The issue is that 21st Century countries shouldn't be acting like 18th Century ones, and people shouldn't be almost validating them.

It's as insane as justifying hiring someone who is an outward racist today by saying that the company hired racist and homophobic people in the 50's.
 

leelee

Well-Known Member
Oct 6, 2004
4,376
2,117
I don't believe that me not watching a football match is going to make the slightest difference to the Qatar regime.

Likewise, Spurs declining Qatar Airways offer doesn't make any difference either. The club accepting a lower offer than Qatar's for naming rights is just cutting off our nose to spite our face.

If we take a 'moral' stand we lose millions in revenue while Qatar Airways go and sponsor another ground.
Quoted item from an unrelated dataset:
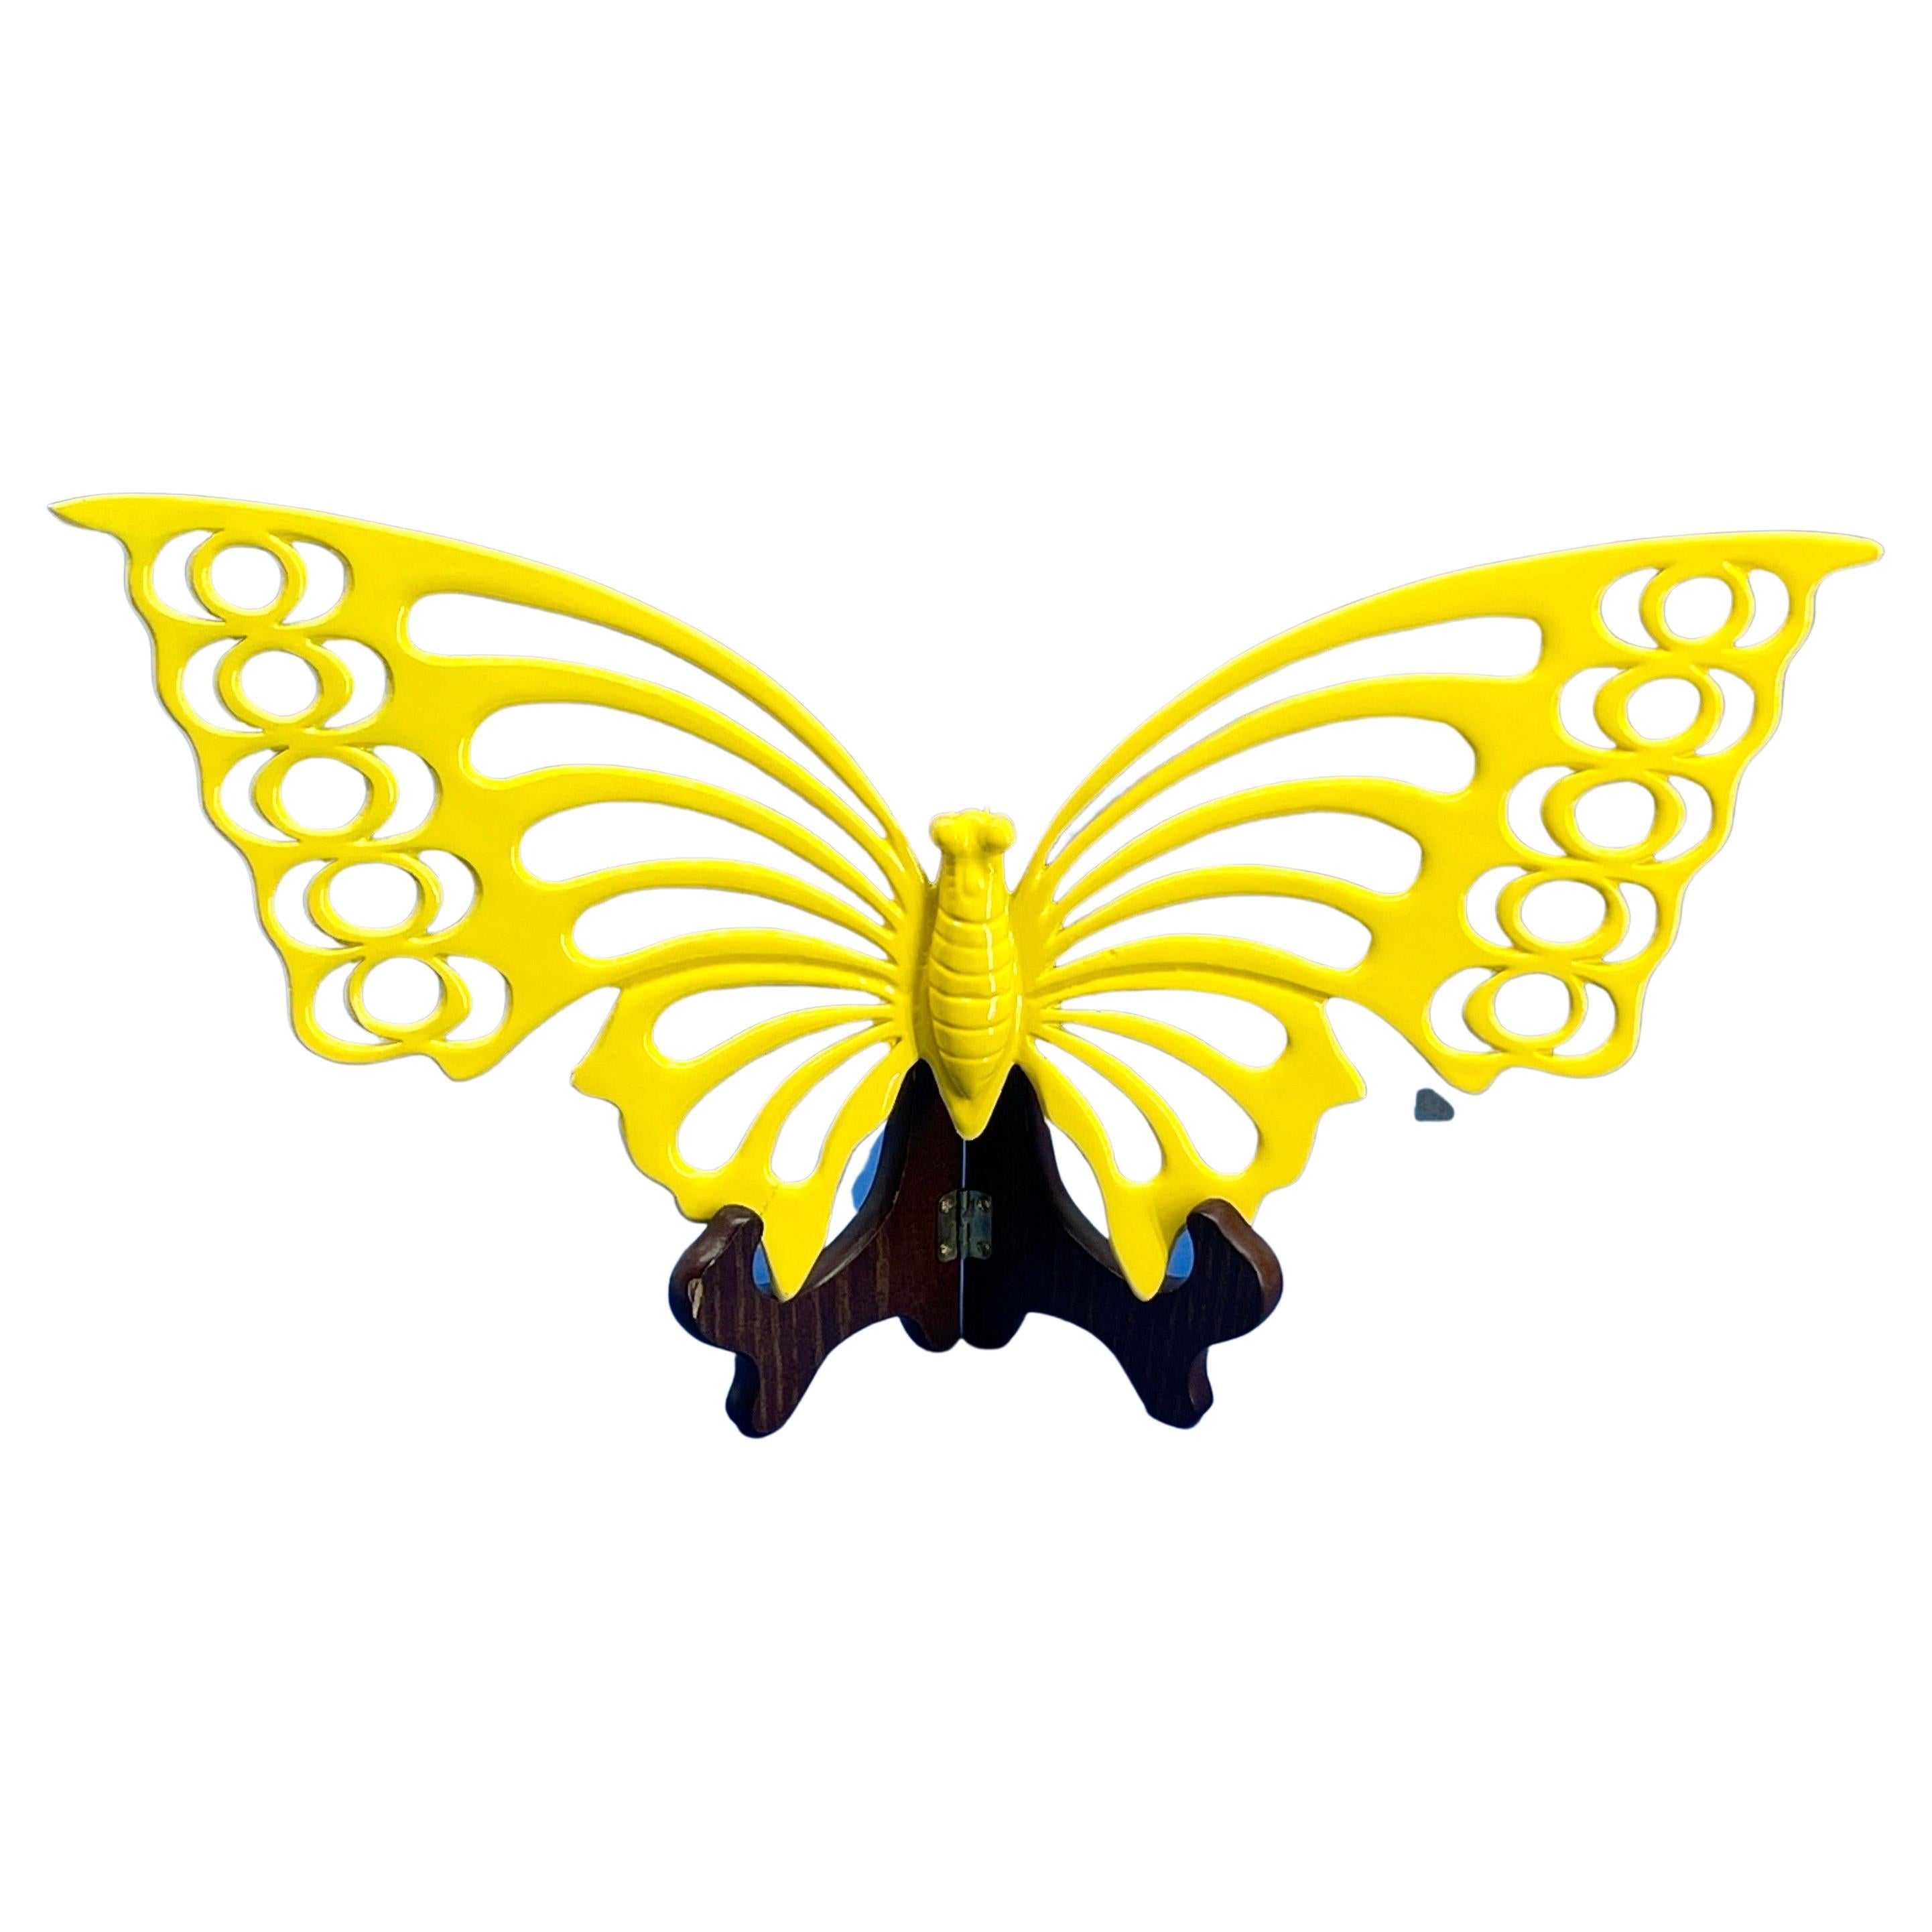 Large Butterfly in Powder Coated Bright Sunshine Yellow of Solid Brass Wall or Shelf Decoration, 1960s 

Unique vintage wall décor butterfly. Fantastic eye-catching statement piece on the wall alone or mixed in a grouping. Could also be a

Its business.

Doesn't really help anyone and the one who suffers most is Tottenham Hotspur Football Club because we're fighting a losing battle against clubs who have more spending power than us.
 

KILLA_SIN

Well-Known Member
May 24, 2008
7,963
14,703
The issue is that 21st Century countries shouldn't be acting like 18th Century ones, and people shouldn't be almost validating them.
Maybe some countries are where they are now because of those things they did a couple of hundred years ago to give them a head start.
 

Amo

Well-Known Member
Aug 22, 2013
15,799
31,488
But unless the UK is going to offer a huge amount of Visas to give people a different opportunity with different working conditions then people are going to take whatever opportunity is available to them despite the risks. So unless there is an alternative being offered it's all a bit pointless.

That's not the discussion at hand, though. I long for a borderless world but what's that got to do with what Qatar is doing.

And the point about migrant workers taking a risk by going to Qatar because they can't get get the West? Are we blaming the victims now for the miscalculated gamble or are we deflecting the blame from Qatar's actual actions to someone else's inaction?

Not sure what your intent is in highlighting what others are not doing when the discussion is on what Qatar (only discussed because they're rumoured to be sponsoring us, unlike the UK or USA or the East India Trading Company or whatever) is actually doing right now.